I would start with parallelizing the entire update function as such:
Test::update()
{
#pragma omp parallel
{
int colIndex = 0;
int colIndexPlusOne = colIndex + 1;
// DIRECTION_X (grid[0].size()), DIRECTION_Y (grid.size) are the size of the grid
#pragma omp for
for (int i = 0; i < DIRECTION_Y; i++)
{
int rowIndex = i;
int rowIndexPlusOne = rowIndex + 1;
// periodic boundary conditions
if (rowIndexPlusOne > DIRECTION_Y - 1)
rowIndexPlusOne = 0;
// The following could be done parallel!!!

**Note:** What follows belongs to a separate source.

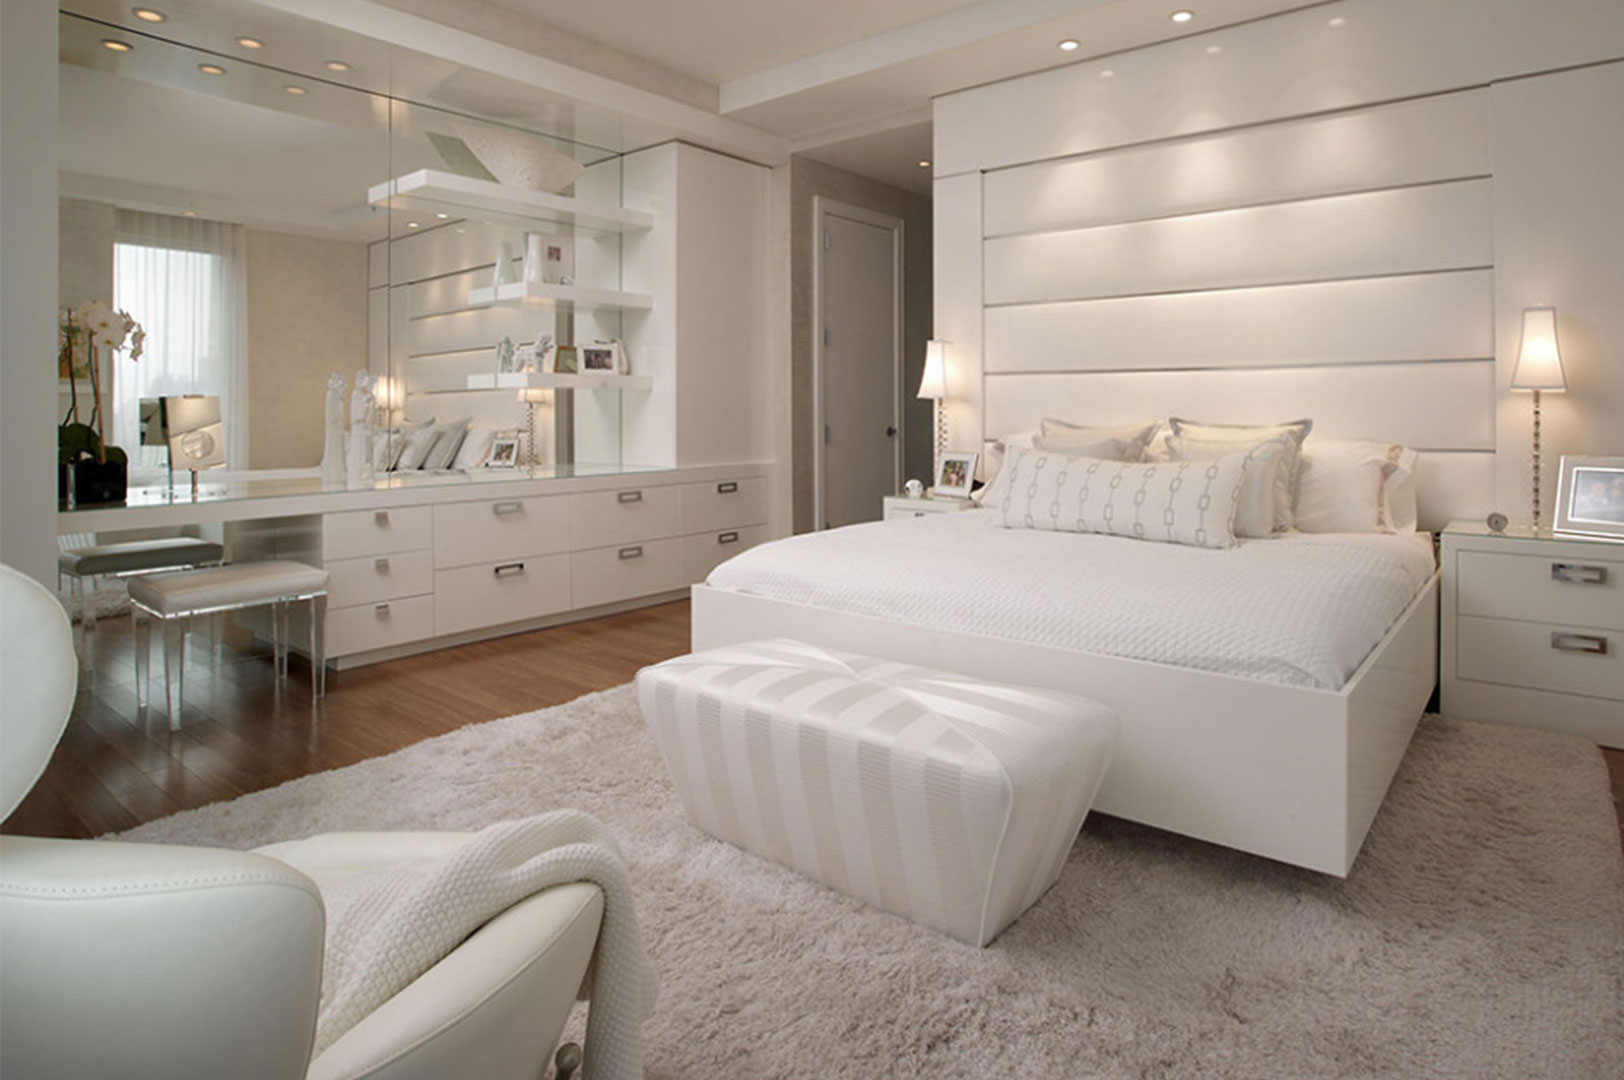 Mobili bianchi moderni per la camera da letto glamour

for (int j = 0; j < DIRECTION_X - 1; j++)
{
grid1.update_grid(rowIndex,colIndex,rowIndexPlusOne,colIndexPlusOne);
grid2.update_grid(rowIndex,colIndex,rowIndexPlusOne,colIndexPlusOne);
// The following two can be replaced by j and j+1...
colIndexPlusOne++;
colIndex++;
}
colIndex = 0;
colIndexPlusOne = 1;
// No longer needed:
// rowIndex++;
// rowIndexPlusOne++;
}
}
}
By placing #pragma omp parallel at the beginning, all the variables are local to each thread. Also, at the beginning of the i loop, I assigned rowIndex = i, as at least in the code shown, that is the case. The same could be done for the j loop and colIndex.